I have been considering the new Versa pumps to drive my Auto water change. However in thinking through how the system would work, I have a few concerns.

The Idea would be to use one pump to pull water out continuously and the other to put water in continuously. However with no central management, this to me seems like a very dangerous setup.

-Should the output side fail, for any reason. Line plugged, tube exits water, pump fails, line cracks, ECT...I would have incoming NSW which is connected to 55 gallons which could flood the tank and home. I could prevent inflow with a float valve, however I do not know if that is acceptable with a peristaltic pump.

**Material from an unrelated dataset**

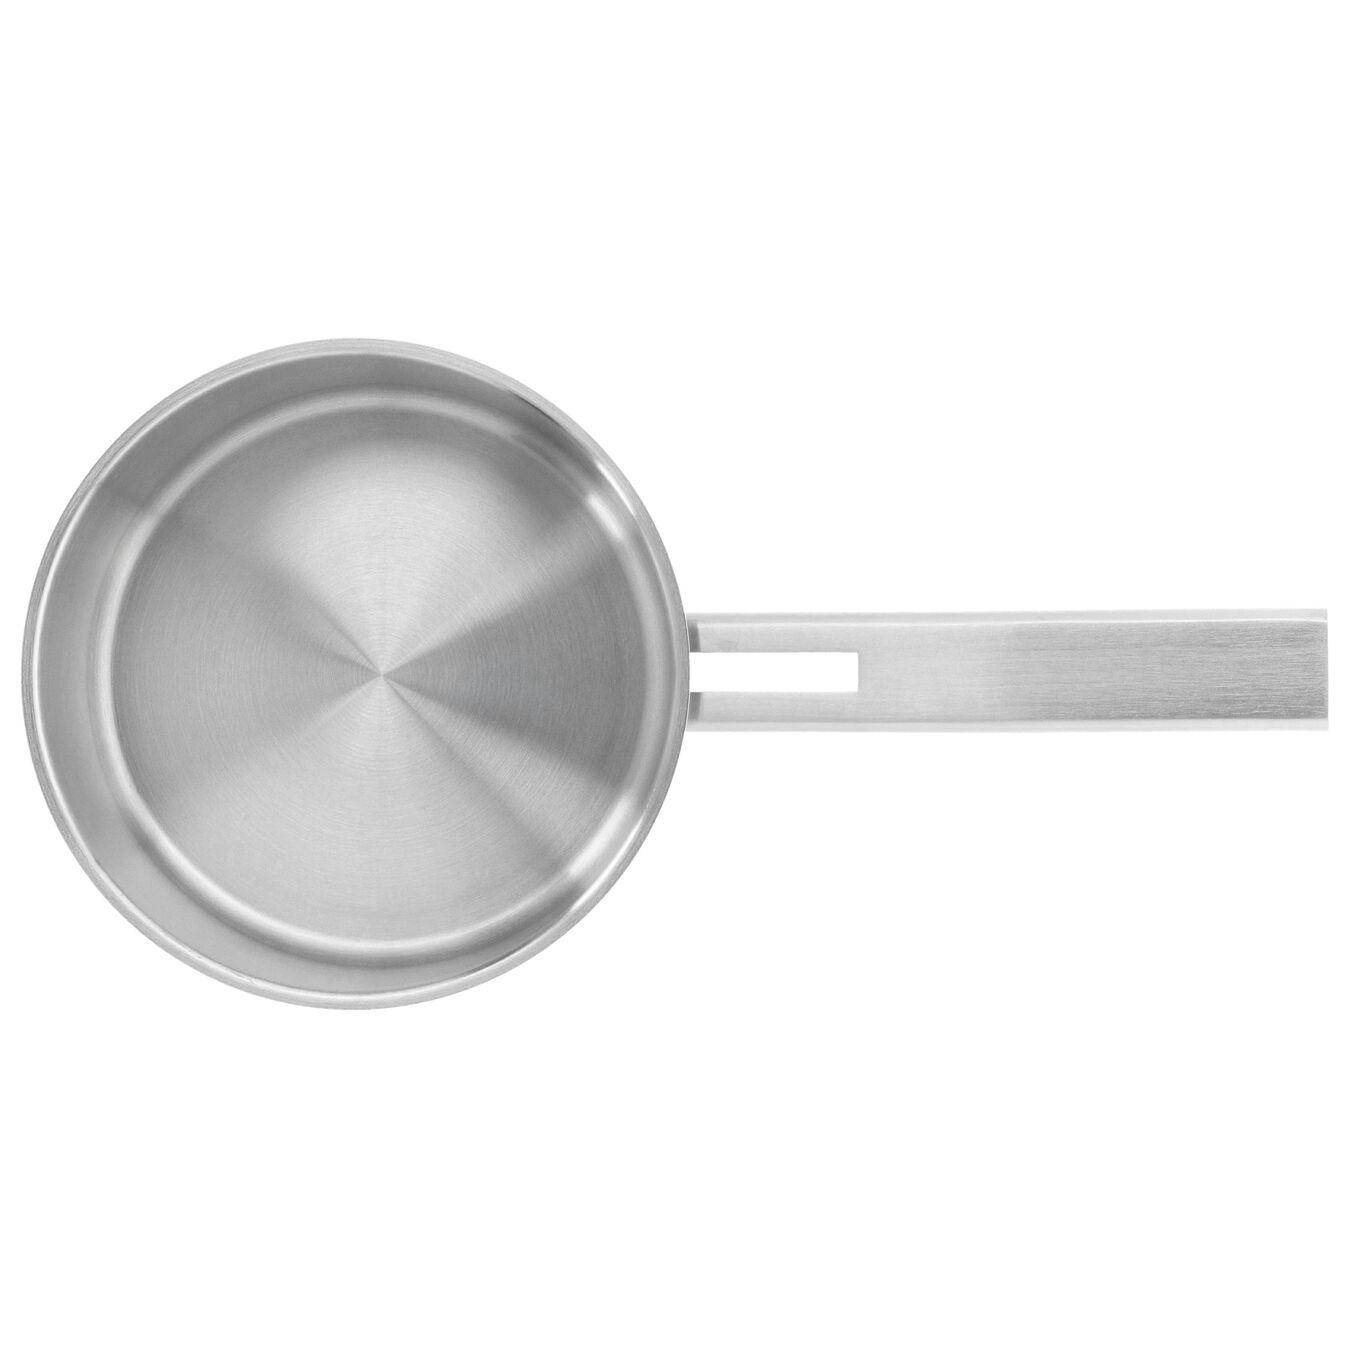 Stieltopf mit Deckel 18 cm, 18/10 Edelstahl, Silber,,large 2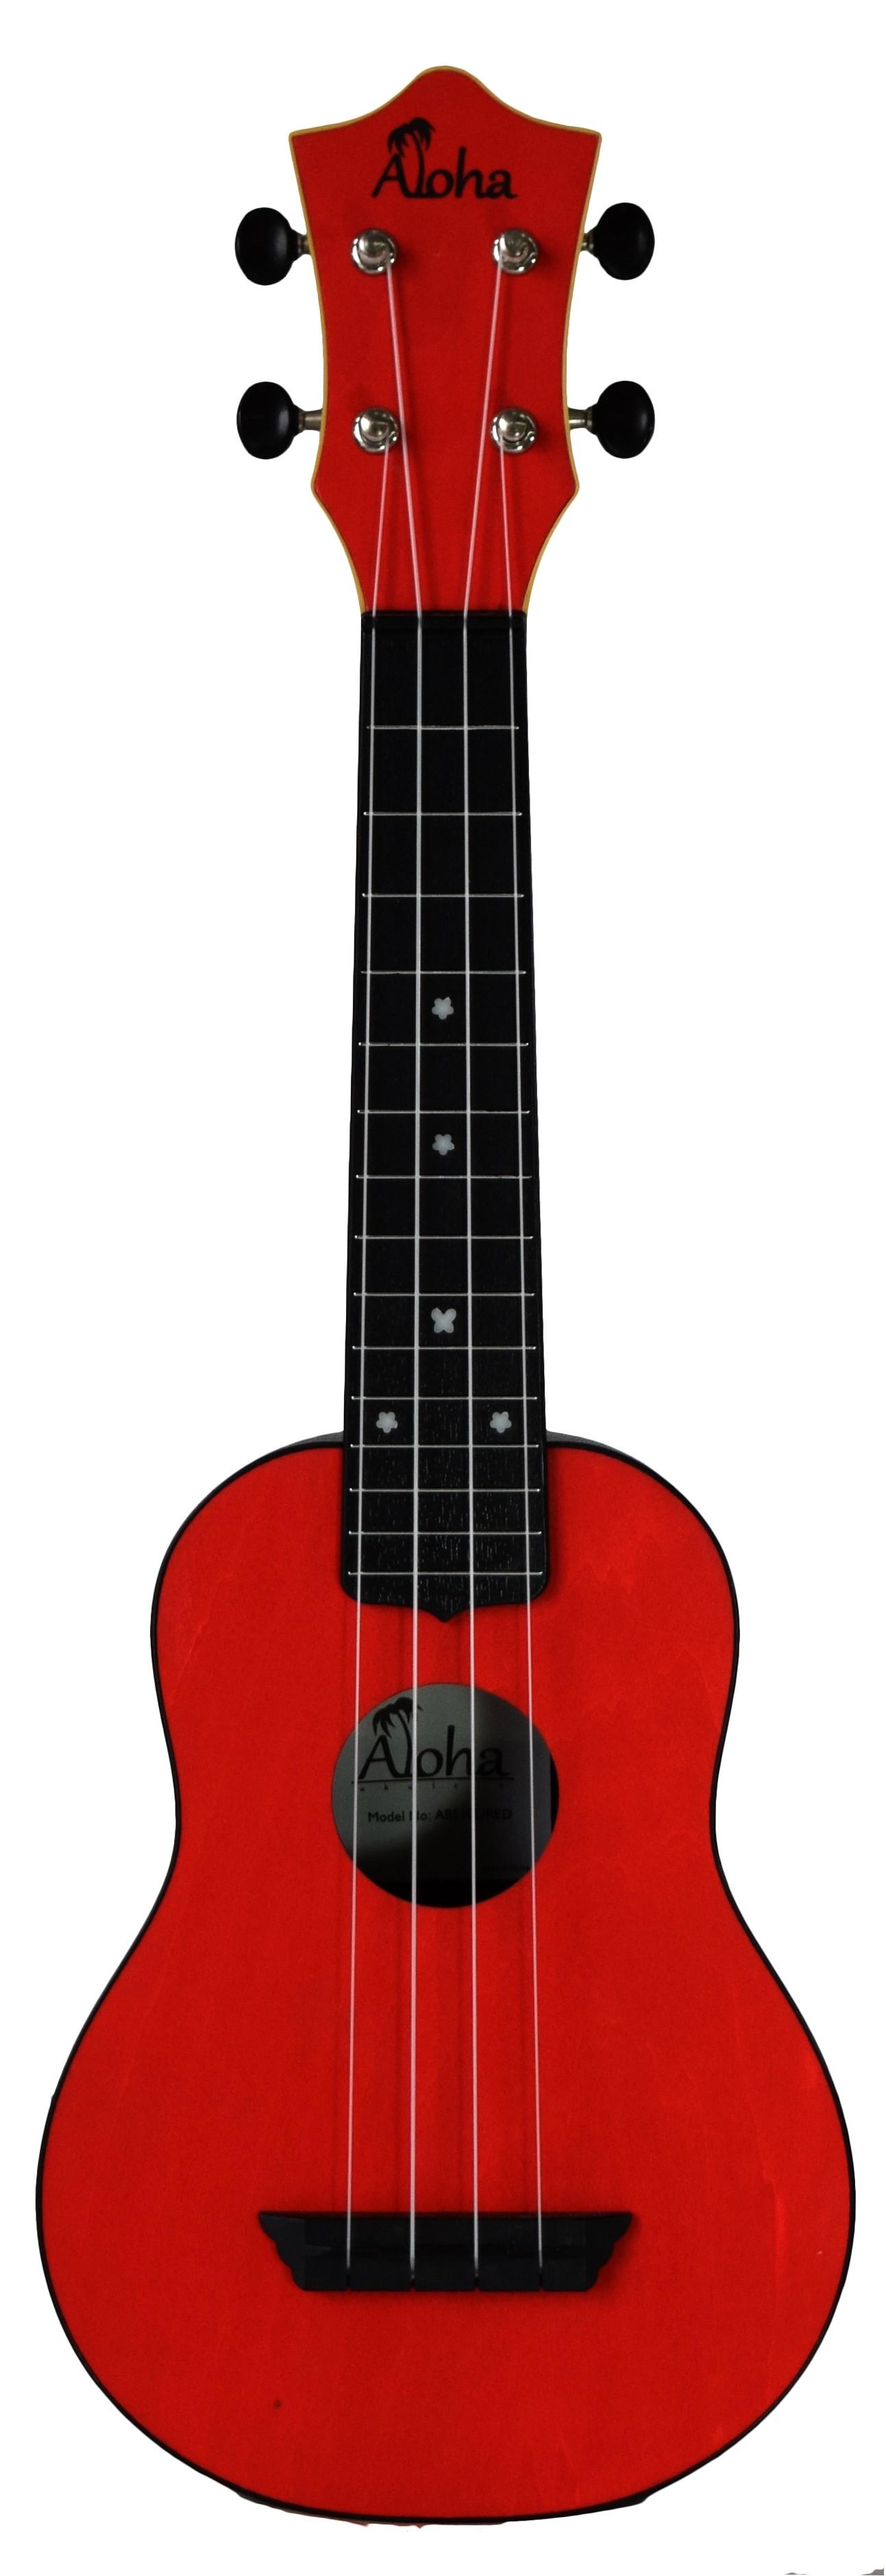 ALOHA ABS10 ROUNDBACK SOPRANO UKULELE - RED

- should the INput side fail: Pump fails, line pulls air, line clogged... I would have water being pumped out of the tank with nothing to replace it. This could result in the sump pump running dry, heaters being exposed and obviously that is not acceptable. This seems like the easier problem to solve by simply putting the intake tube for the old water only about an inch deep. This way if the water level dropped in the sump, the out water line would eventually suck air. However I do not know if peristaltic pumps are self priming ( I THINK they are but am not sure) or how high they are capable of doing so. Additionally, if a line cracked I would have a 55 gallon tank slowly being pumped into my home, with no safety measure to stop it. The Auto Aqua will not do this as it has a timed safety measure in place.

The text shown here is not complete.